This example is a very small scheduling problem. We consider seven tasks where each task has a fixed duration and a fixed amount of used resource:
TASK DURATION RESOURCE
==== ======== ========
t1 16 2
t2 6 9
t3 13 3
t4 7 7
t5 5 10
t6 18 1
t7 4 11
The goal is to find a schedule that minimizes the completion time for
the schedule while not exceeding the capacity 13 of the resource. The
resource constraint is succinctly captured by a cumulative/4
constraint. Branch-and-bound search is used to find the minimal
completion time.
This example was adapted from [Beldiceanu & Contejean 94].

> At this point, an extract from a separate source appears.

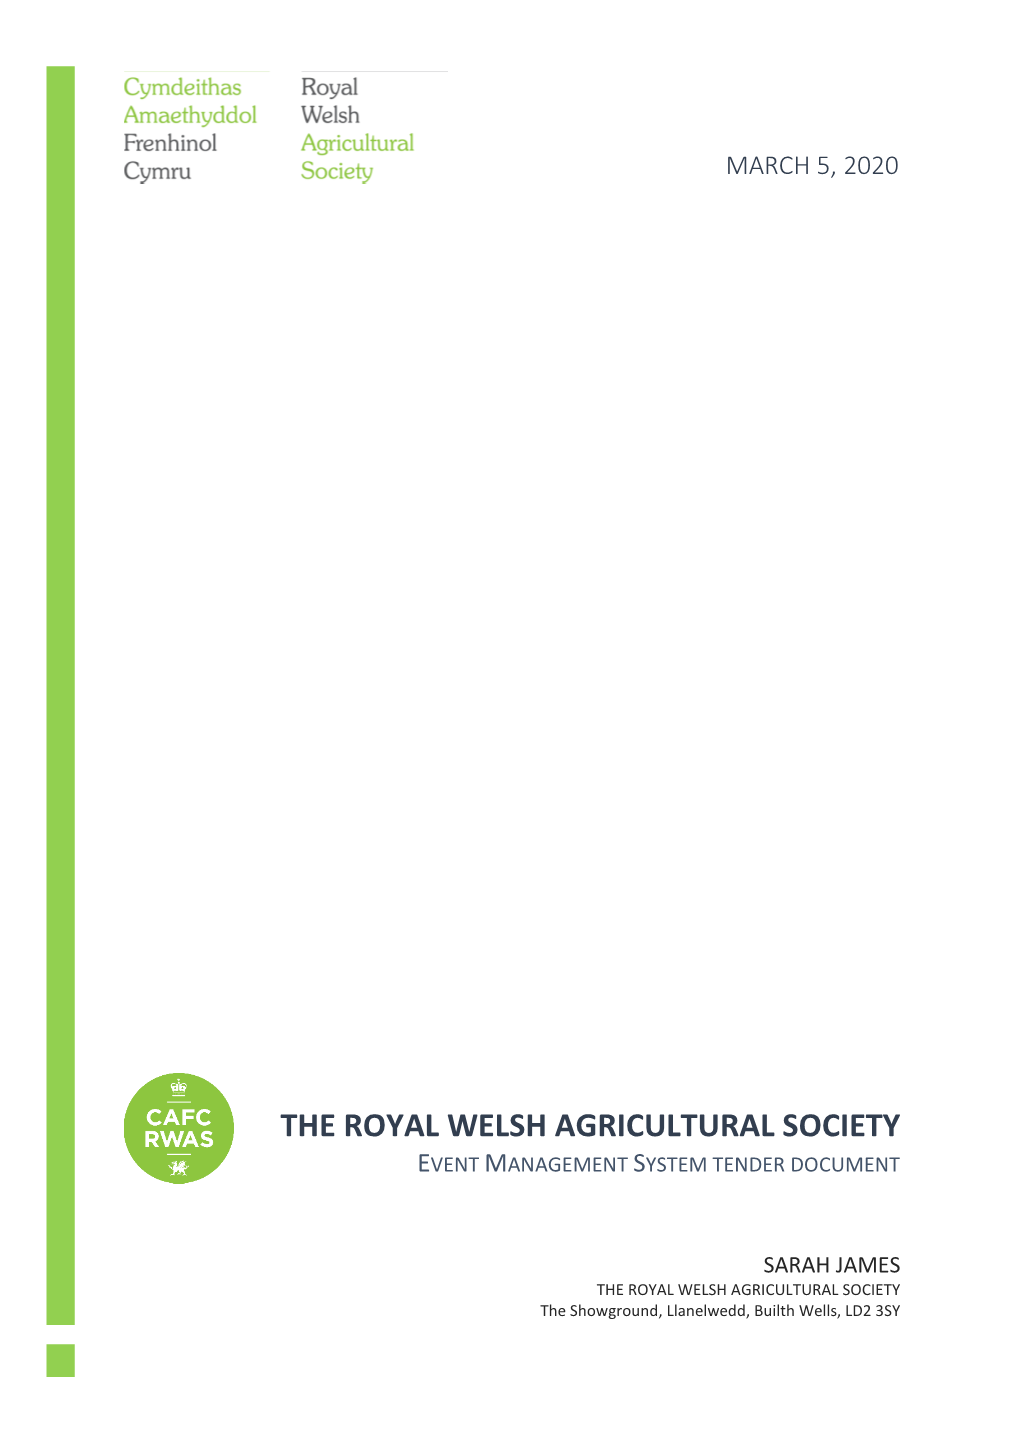 The Royal Welsh Agricultural Society Event Management System Tender Document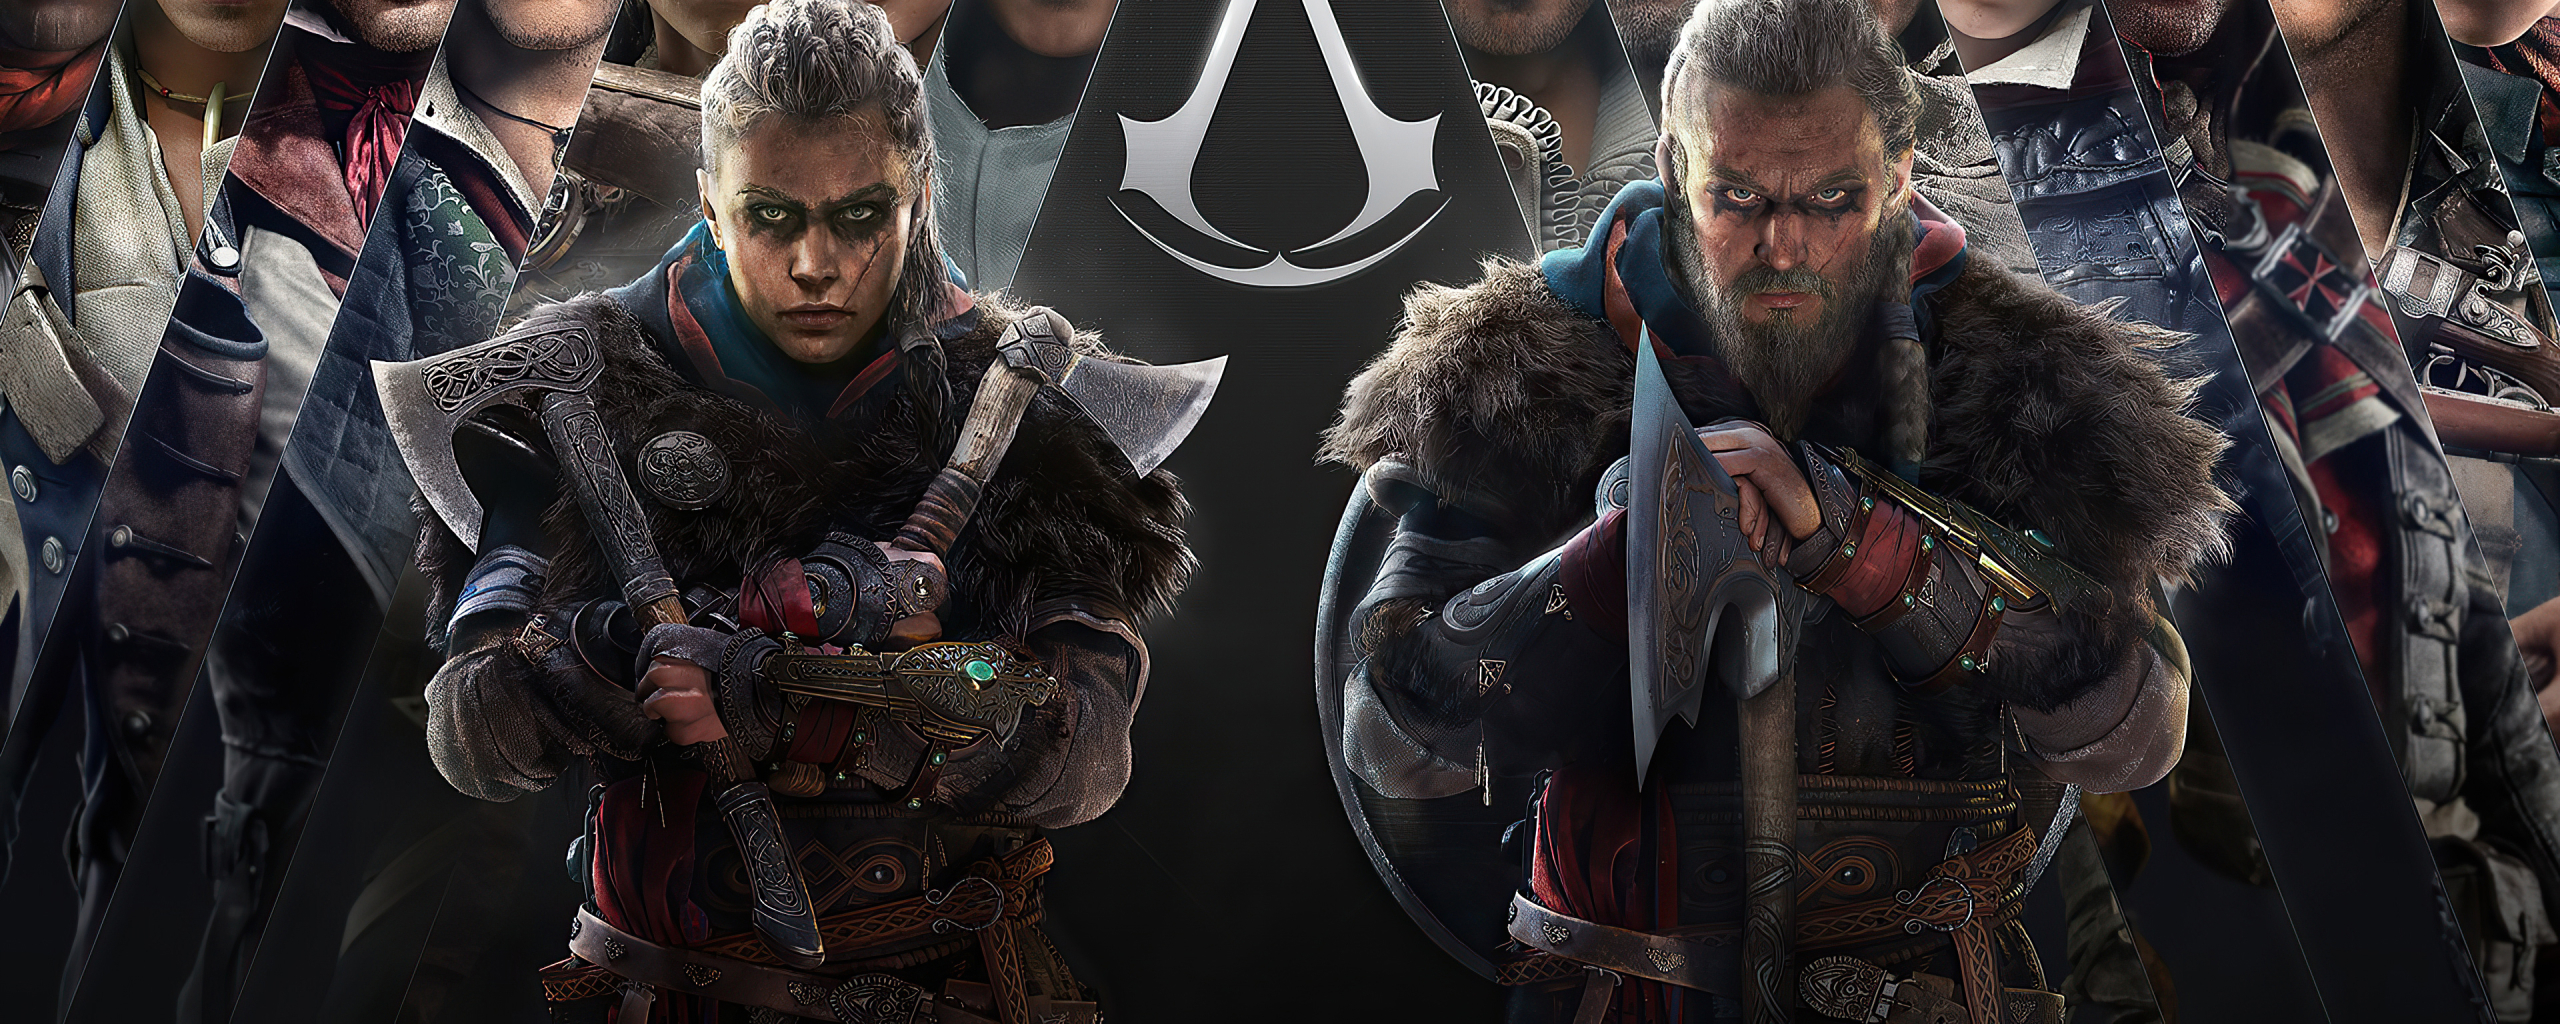 2560x1024 Assassin's Creed Valhalla Vikings Poster 2560x1024 Resolution ...

:- use_module(library(clpfd)).
:- use_module(library(lists), [append/3]).
schedule(Ss, End) :-
length(Ss, 7),
Ds = [16, 6,13, 7, 5,18, 4],
Rs = [ 2, 9, 3, 7,10, 1,11],
domain(Ss, 1, 30),
domain([End], 1, 50),
after(Ss, Ds, End),
cumulative(Ss, Ds, Rs, 13),
append(Ss, [End], Vars),
labeling([minimize(End)], Vars). % label End last
after([], [], _).
after([S|Ss], [D|Ds], E) :- E #>= S+D, after(Ss, Ds, E).
%% End of file
| ?- schedule(Ss, End).
Ss = [1,17,10,10,5,5,1],
End = 23 ?